Fashion consumers are becoming more eco-conscious. However, the lack of a universal agreement on what constitutes a sustainable fabric makes any significant transition challenging. Are synthetic/artificial fabrics always detrimental to the planet, and what defines a genuinely sustainable textile?
PETA’s recent competition to find a vegan alternative to wool is an initiative that raises the question of what actually is sustainable fashion and, equally as important, what constitutes sustainable fabrics. It used to be a common belief that natural equals sustainable. However, leather, fur, and silk—once a sign of quality, have become controversial due to the non-vegan approach to fashion.
As a result, more top fashion brands are turning away from what is deemed cruel practices on animals or involving heavy pollution to explore alternative synthetic textiles.

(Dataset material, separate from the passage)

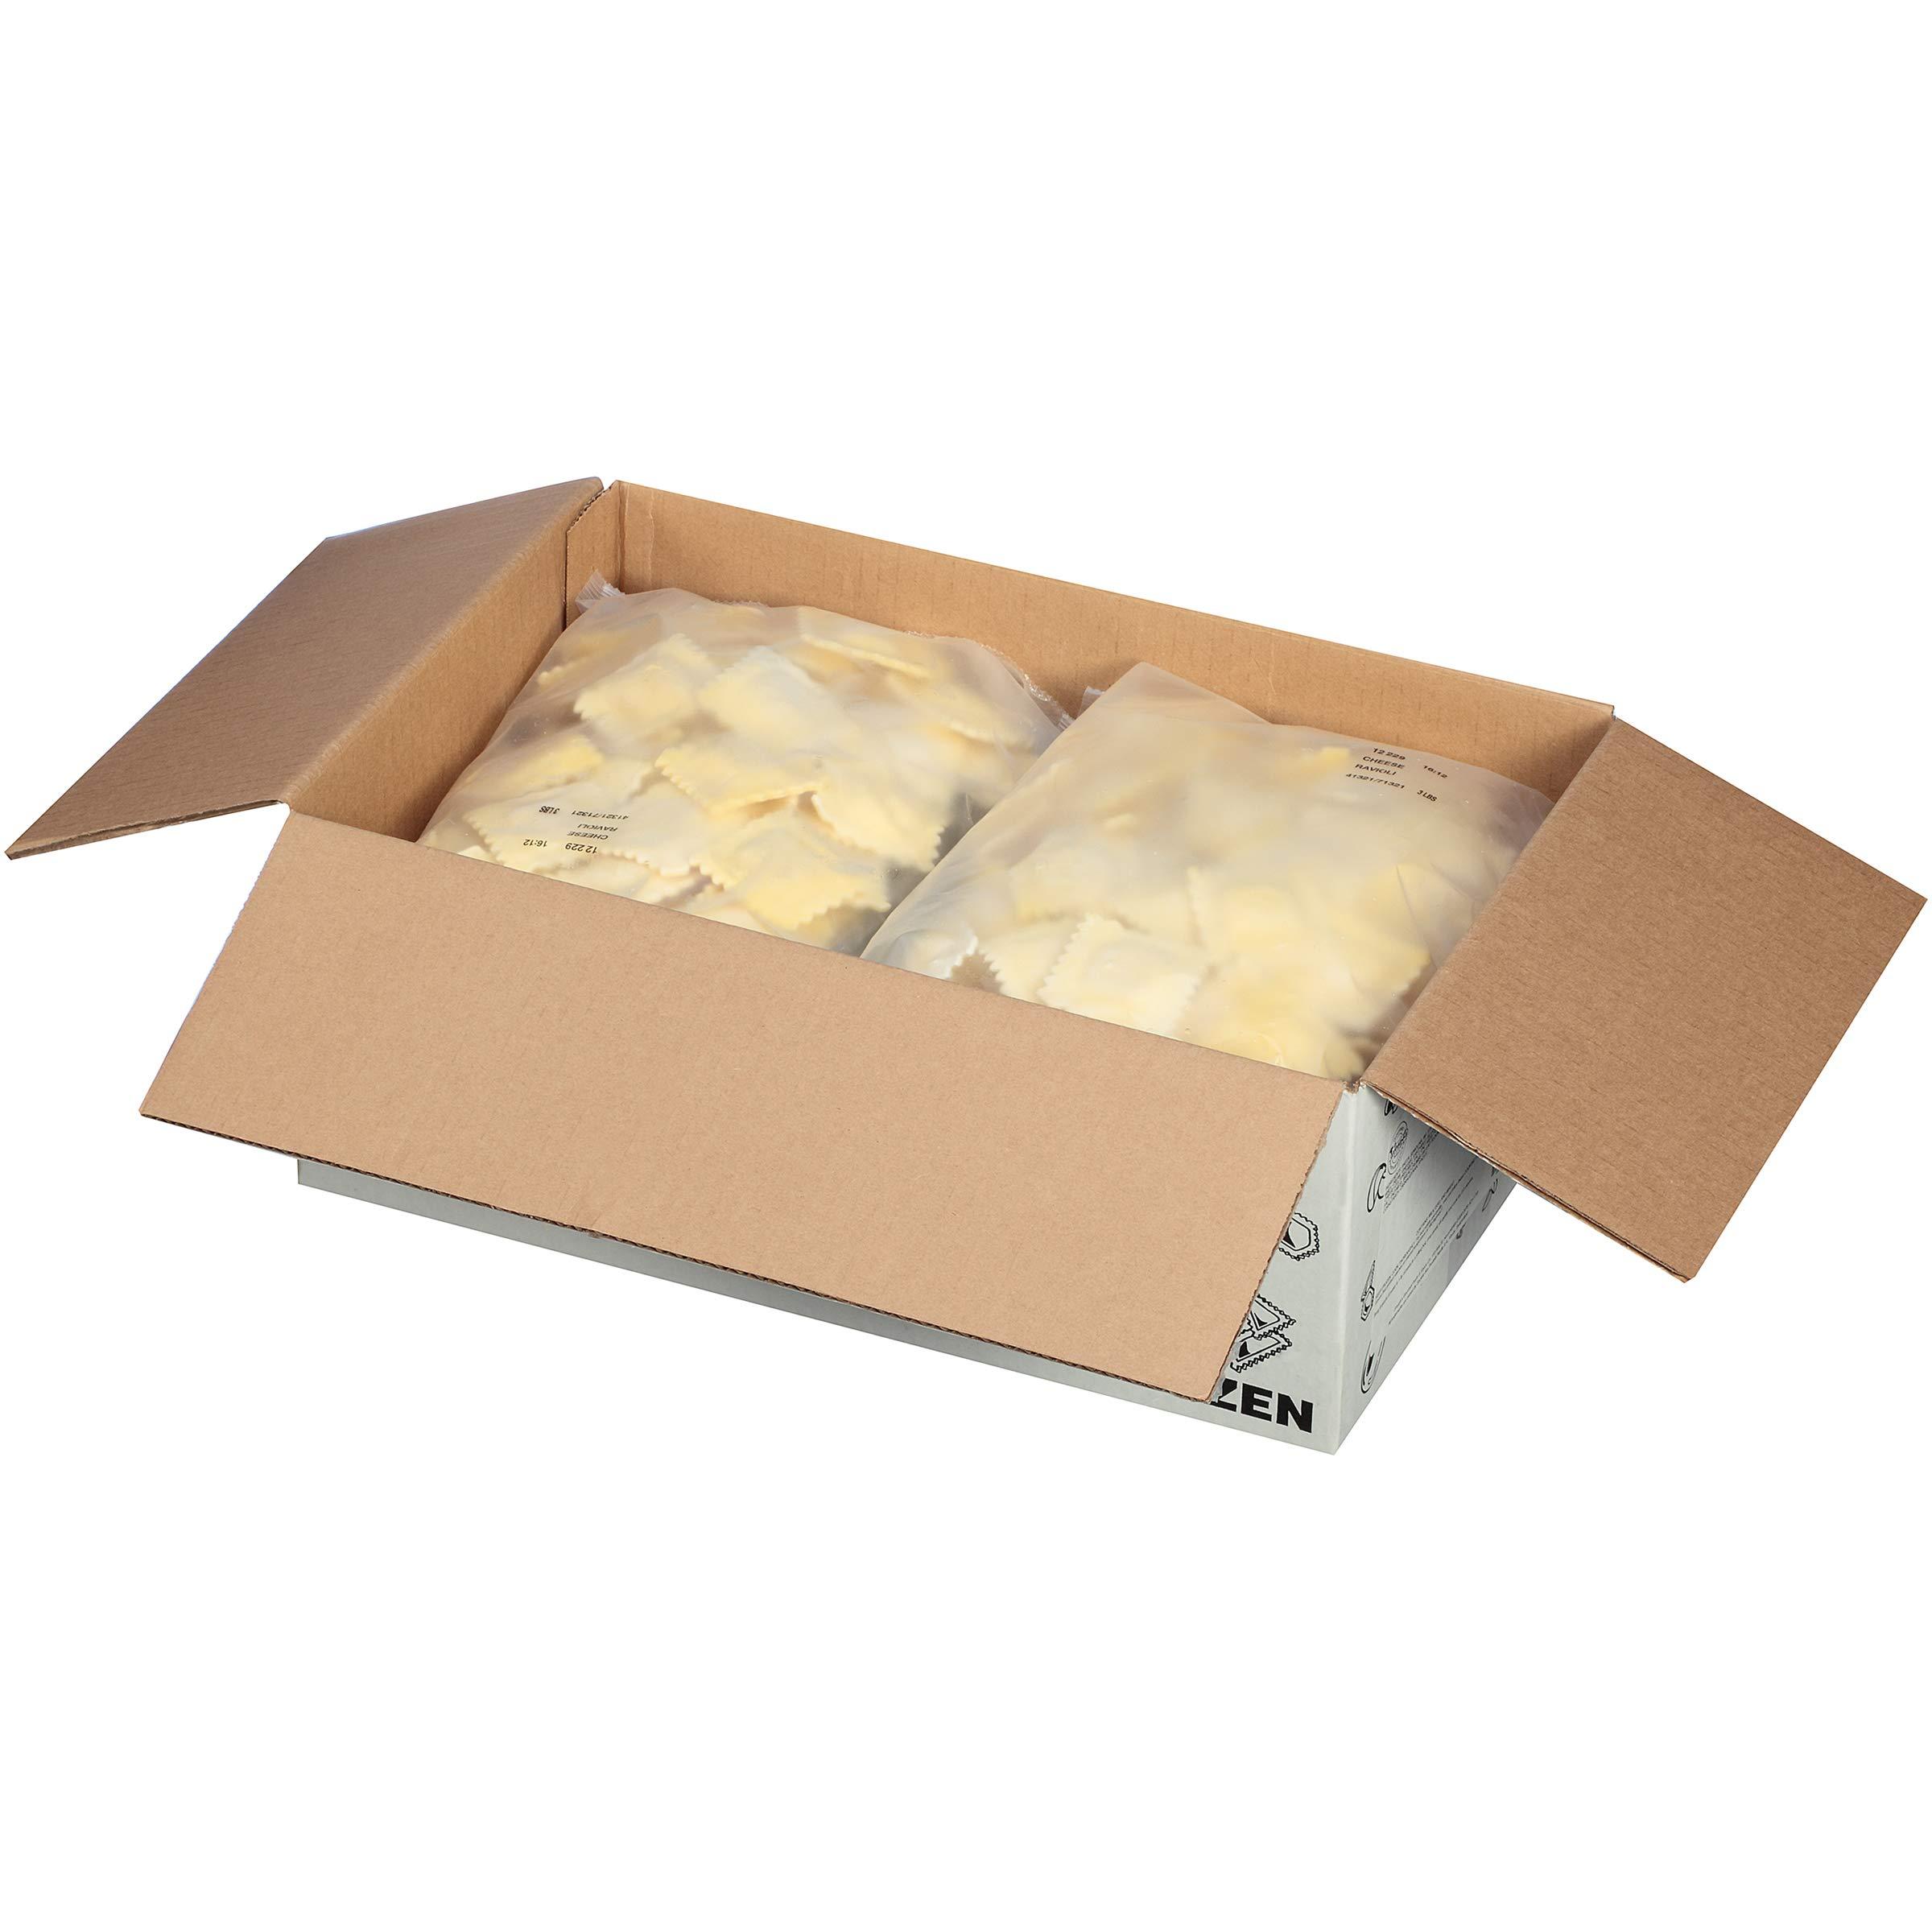 Joseph's Gourmet Pasta Three Cheese Ravioli 3 lb (Pack of 4)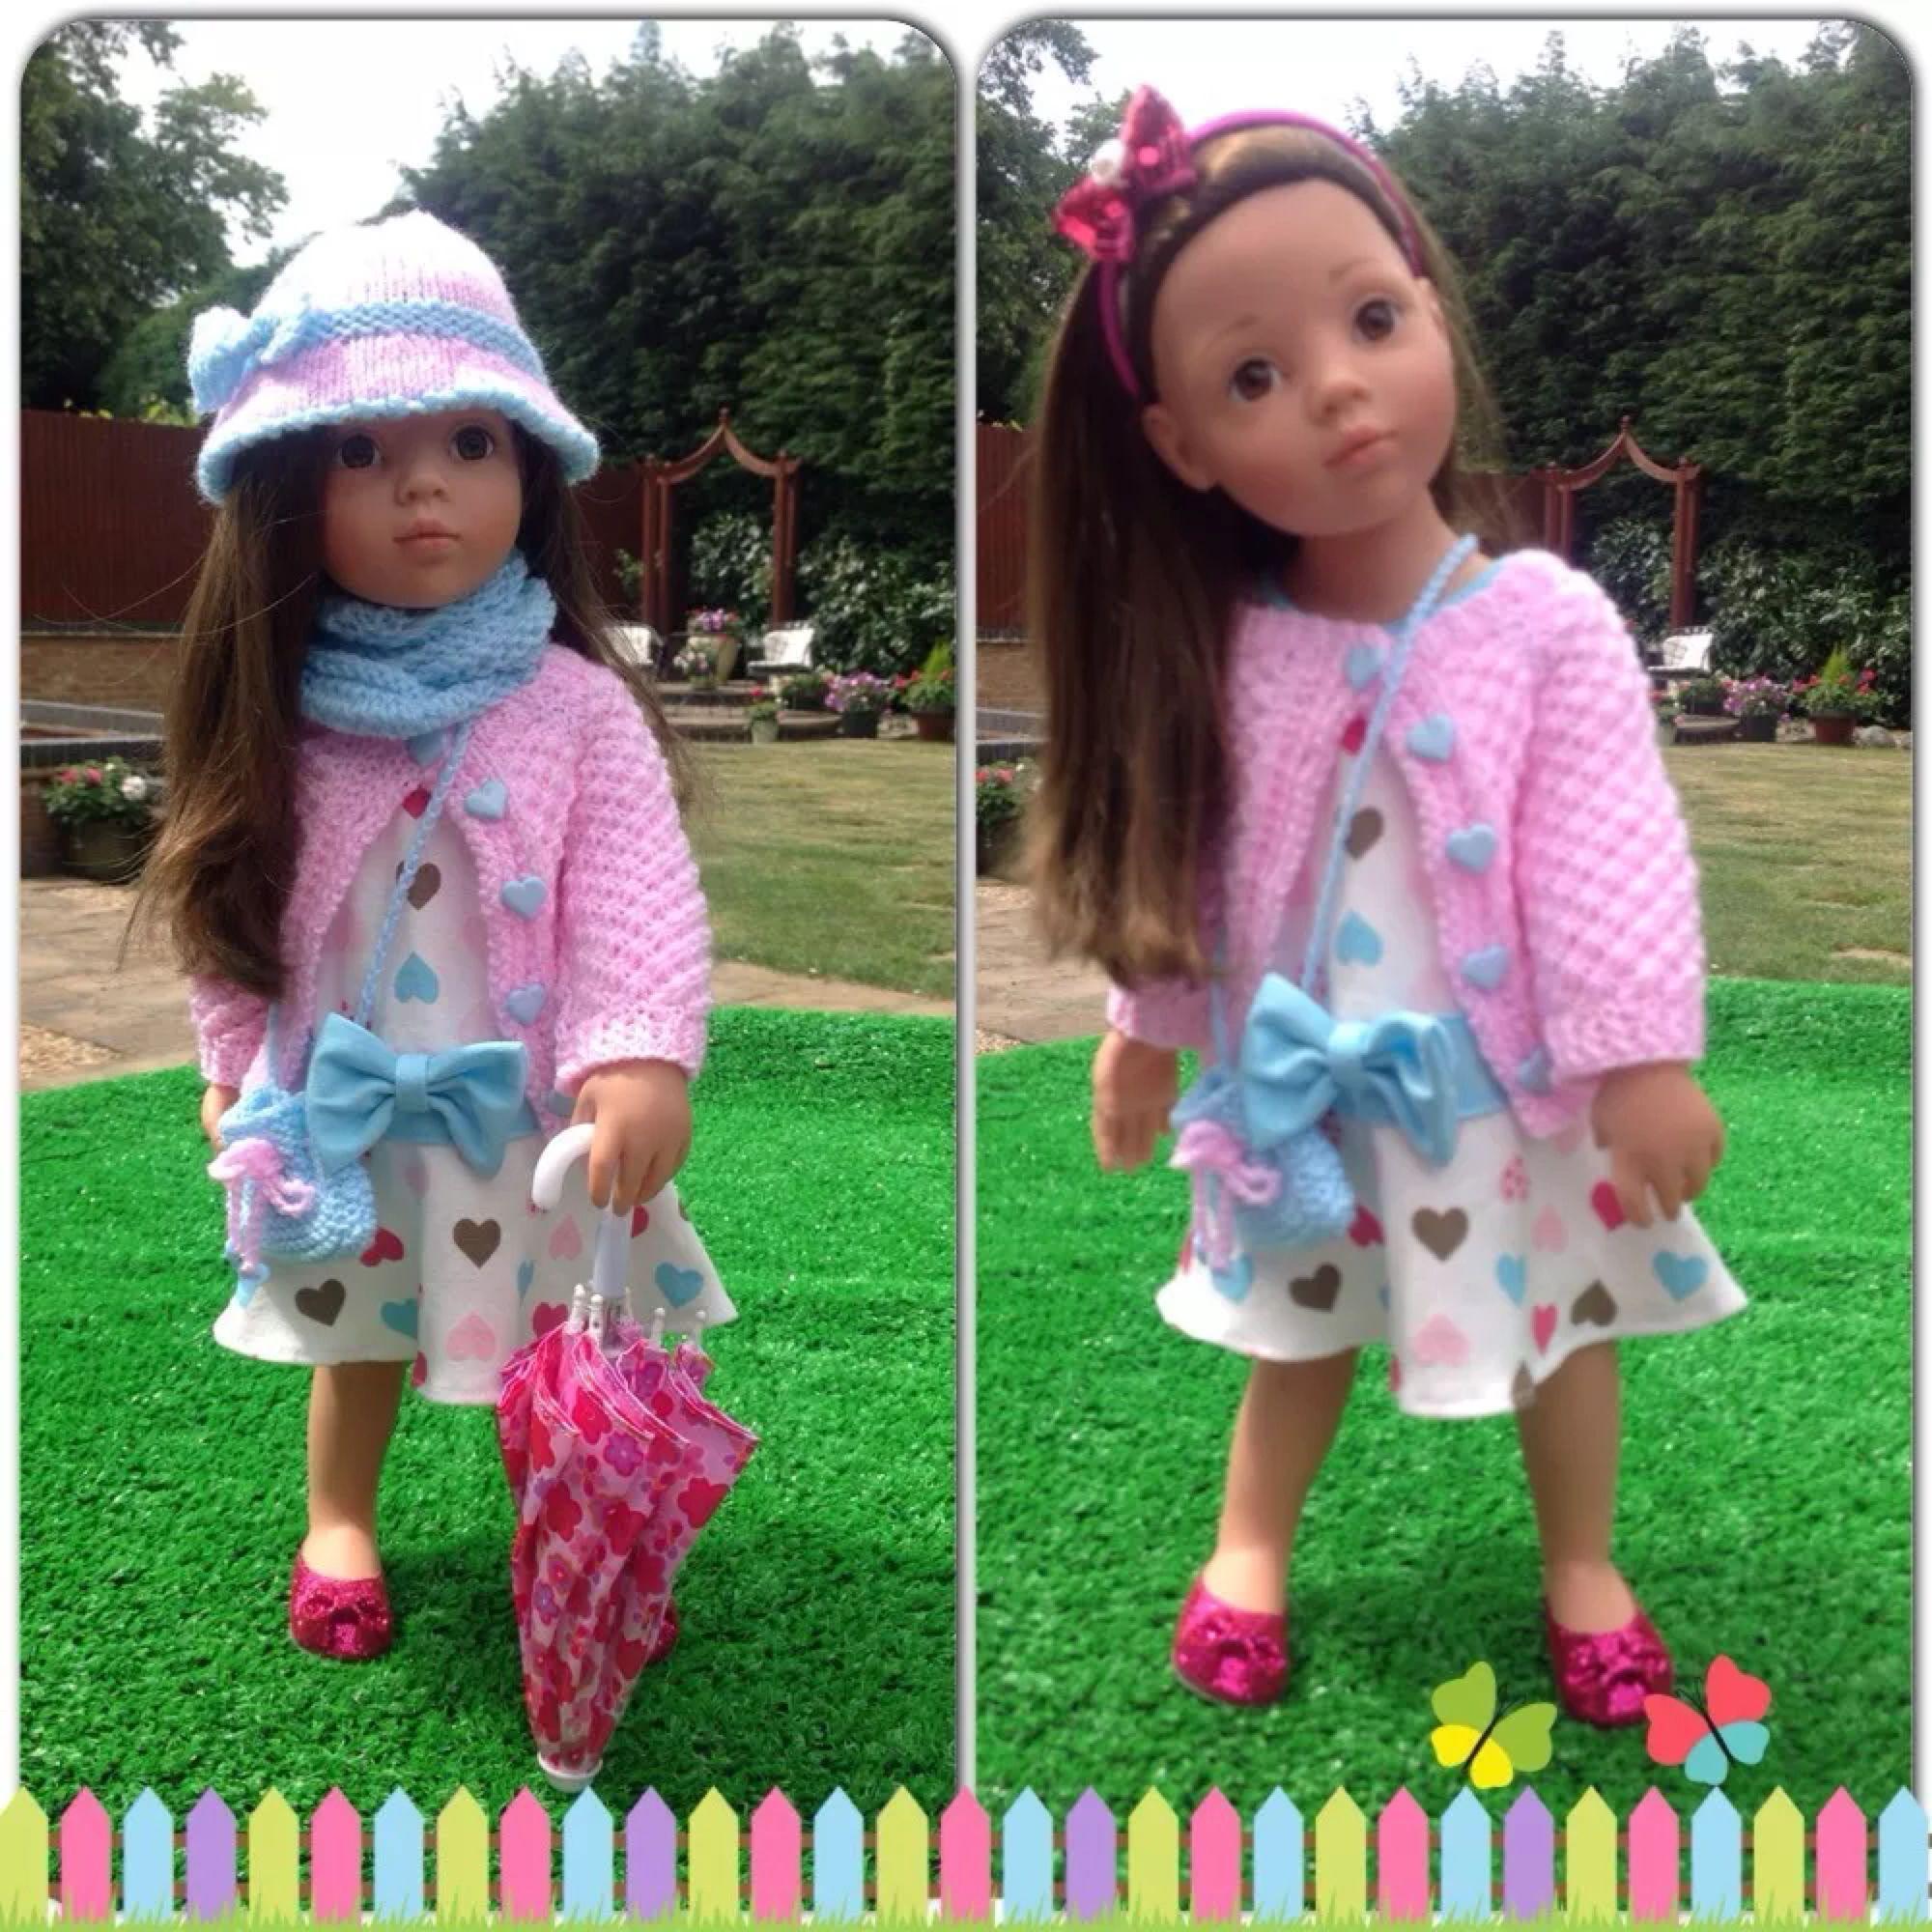 Gotz hannah american girl doll 10 piece outfit | Rund ums Nähen ...

At the same time, fashion consumers are becoming more sustainability-minded.
A McKinsey survey showed that 88% support actions to reduce pollution, and 67% are more inclined to buy items if they are manufactured from sustainable materials.
Grėtė Švėgždaitė is one of the new generations of sustainable designers and is the founder of the loungewear brand GRETES. Grėtė believes scientists and fabric creators should be commended for making new discoveries in the textile world. However, at the same time, she sees that elevated consumer education about fabrics and sustainability is sorely needed to make a real change within the fashion industry.
Is a universal agreement in the making?
According to Grėtė, the uncertainty over clear criteria for sustainable fabrics poses a dilemma for a fashion consumer who cannot always discern which clothing items are genuinely sustainable and which ones are the product of greenwashing. The designer says the issue is further exacerbated because there is no universal agreement on what makes fabrics sustainable at the moment and many fashion brands are free to interpret sustainability as they wish. Yet there are several guidelines to follow when looking for a sustainable garment.
“Although the notion of sustainable clothing differs from continent to continent, the fashion industry is slowly coming to an agreement about several essential criteria: the fabric must come from natural origins, be made 100% from the same fibre to make it possible to recycle it afterwards, the workers have to be ethically paid, and no animals can be harmed during the manufacturing,” she clarified. “All this information is provided on clothing labels, so an eco-conscious consumer needs to learn to read them.”
Is natural always sustainable?
However, when it comes to natural fabrics, not all are considered sustainable because the material must also satisfy other criteria mentioned above. Ms Švėgždaitė adds that, in some cases, artificial fabrics can also be sustainable.
“If a garment is made from a synthetic textile sourced from petroleum, it will never be considered sustainable. Only a small part of artificial fabrics can be recycled. Therefore the possibility that the garments will be thrown into a landfill for hundreds of years is very likely. Nevertheless, there are other kinds of synthetic fabrics—like laboratory-made thread identical to materials found in nature, for instance, spiderwebs. ”
The designer maintains that such artificial material could replace silk and would be a cruelty-free, although artificial, alternative.